A total of 150 μl of the supernatant obtained after centrifugation above was mixed with 250 μl of IP buffer and 15 μl slurry of anti-FLAG-M2 agarose beads (Sigma-Aldrich, St. Louis, MO). After the incubation overnight at 4°C, the beads were washed 3 times with IP buffer. Immunoprecipitates were eluted with 100 μg/ml 3× FLAG peptide (Sigma-Aldrich) in Tris-buffered saline (TBS), then mixed with 1/5 volume of 6x SDS-loading buffer-6% 2ME and subjected to Western blotting (4 embryo equivalent/lane).

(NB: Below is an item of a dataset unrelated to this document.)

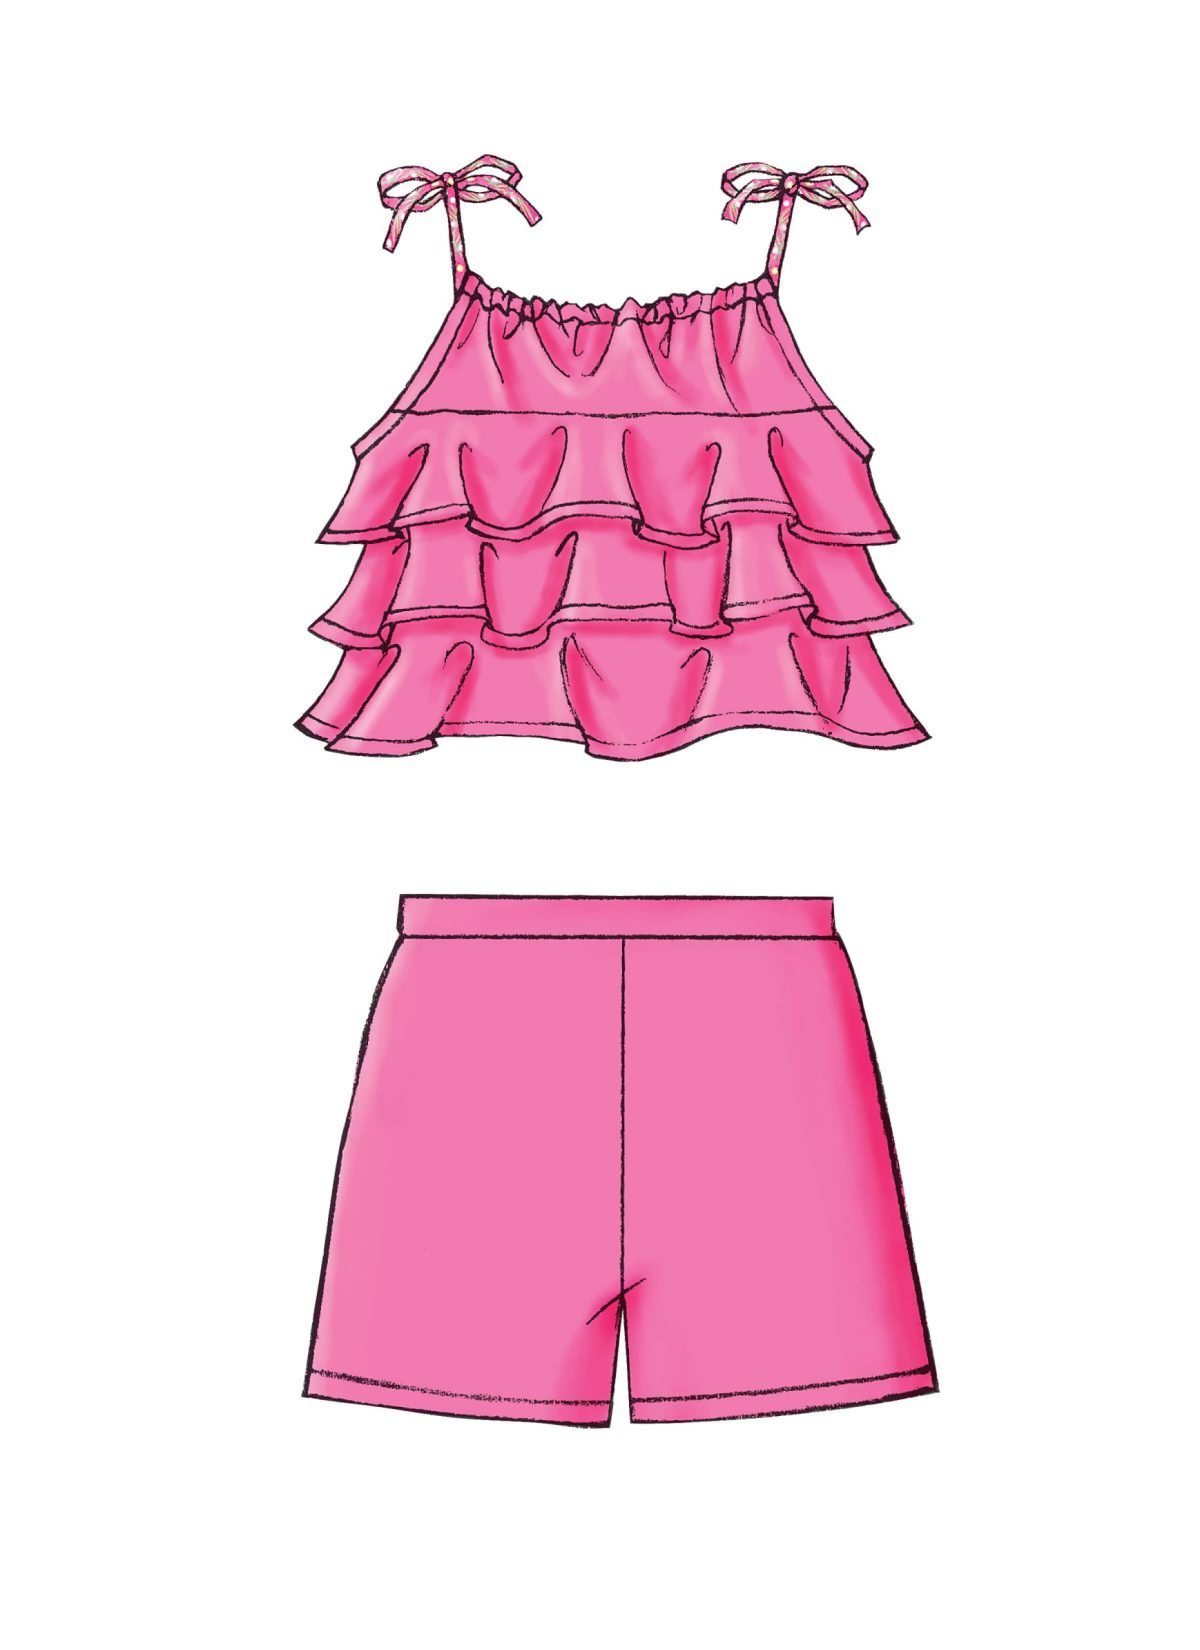 Butterick Sewing Pattern B4503 Children's/Girls' Top, Skort and Shorts
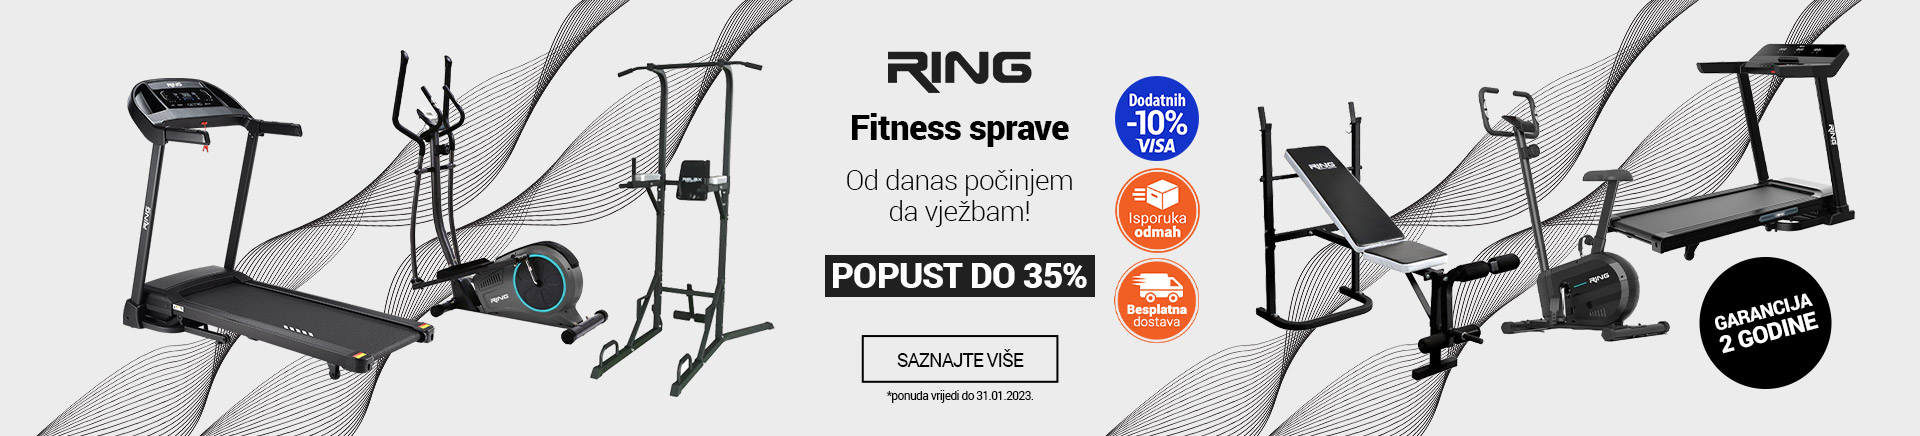 BA Ring Fitness sprave MOBILE 380 X 436.jpg

The protein samples were electrophoresed on a 5–20% polyacrylamide gel (Anatech, Tokyo, Japan) followed by transferring onto polyvinylidene difluoride (PVDF) membrane (Bio-Rad, Hercules, CA). The membrane was immediately washed with TBS containing 0.1% Tween-20 (TBST), blocked with 5% skim milk (Wako, Osaka, Japan) in TBST for 30 min, and incubated overnight at 4°C with the indicated primary antibody diluted in either TBST-0.5% milk or Can Get Signal Immunoreaction enhancer solution (Toyobo). The antibodies used were anti-FLAG M2 monoclonal antibody (mAb; Sigma-Aldrich, 1/1,000 dilution with TBST-0.5% milk), and anti-HA mAb (Cell Signaling Technology, Danvers, MA, 1/1,000 dilution with Can Get Signal). After washing 3 times with TBST, the membrane was incubated for 1 hour at room temperature with the secondary antibody against mouse IgG conjugated with peroxidase (GE Healthcare, Buckinghamshire, England). After washing 3 times with TBST, peroxidase activity was detected by using ECL Western Blotting Substrates (Pierce Biotechnology, Rockford, IL) with an imaging film (Kodak BioMax XAR Film, Carestream Health, Rochester, NY).
We thank Drs. Masakazu Fujiwara (Nippon Medical School), Nami Nogawa (Waseda University), Yusuke Yamamoto (Waseda University), Itaru Hasunuma (Waseda University), Kosuke Kawamura (Waseda University), Hiroki Matsuda (NIH) and Liezhen Fu (NIH) for providing us technical information. A.I.-O. was funded by JSPS Grants-in-Aid for Scientific Research (C) and Y.-B.S. was funded by the Intramural Research Program of NICHD, NIH.